Dumbbell Row Mistakes to Avoid
Rowing to the chest instead of the hip — pulling too high shifts to the rear delt and trap. Row toward your hip for lat emphasis.
Rotating the torso excessively — some rotation is natural, but big twists use momentum. Keep your torso mostly square to the floor.
Using too much bicep — if your arm burns more than your back, focus on the elbow drive. The dumbbell is just along for the ride.
Rounding the lower back — keep your back flat. If it rounds, the dumbbell is too heavy or your setup is wrong.
Dumbbell Row Muscles Worked
The dumbbell row targets the lats and rhomboids as primary movers, with the biceps, rear deltoids, and core assisting. The unilateral nature makes it excellent for fixing left/right imbalances.
Dumbbell Row FAQ
One arm or two arm dumbbell row?
One arm with bench support is the standard — it allows more range, corrects imbalances, and supports the lower back. Two-arm bent over dumbbell rows work too but demand more from the lower back.

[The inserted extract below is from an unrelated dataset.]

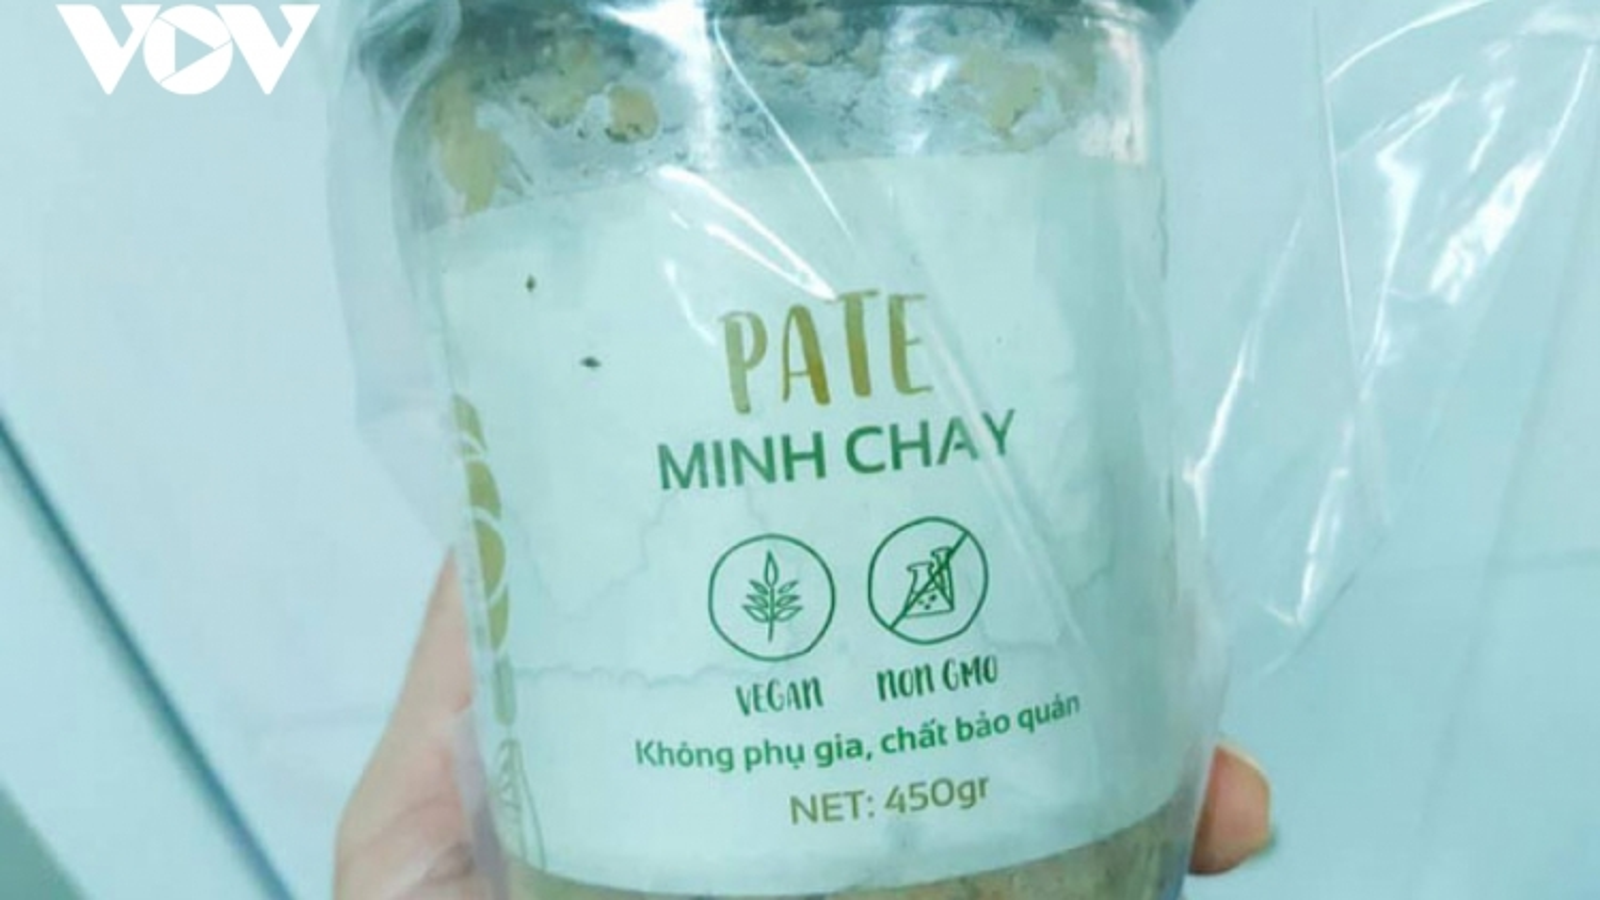 Vụ ngộ độc Pate Minh Chay: Doanh nghiệp cần sớm xác định nguyên nhân

Dumbbell row vs barbell row?
Dumbbell row: less lower back stress, fixes imbalances, more range of motion. Barbell row: heavier loads, more overall back stimulus. Use the dumbbell row as your primary if you have back issues, or as an accessory alongside barbell rows.
How heavy should I go on dumbbell rows?
Most people dumbbell row roughly half their barbell row weight per hand. If you barbell row 80kg, aim for 35-40kg dumbbell rows. Form matters more than weight.
Should I use a bench or free-standing?
Bench-supported (one knee and hand on bench) is standard and protects the lower back. Free-standing bent-over demands more core and lower back stability. Use the bench until you're experienced.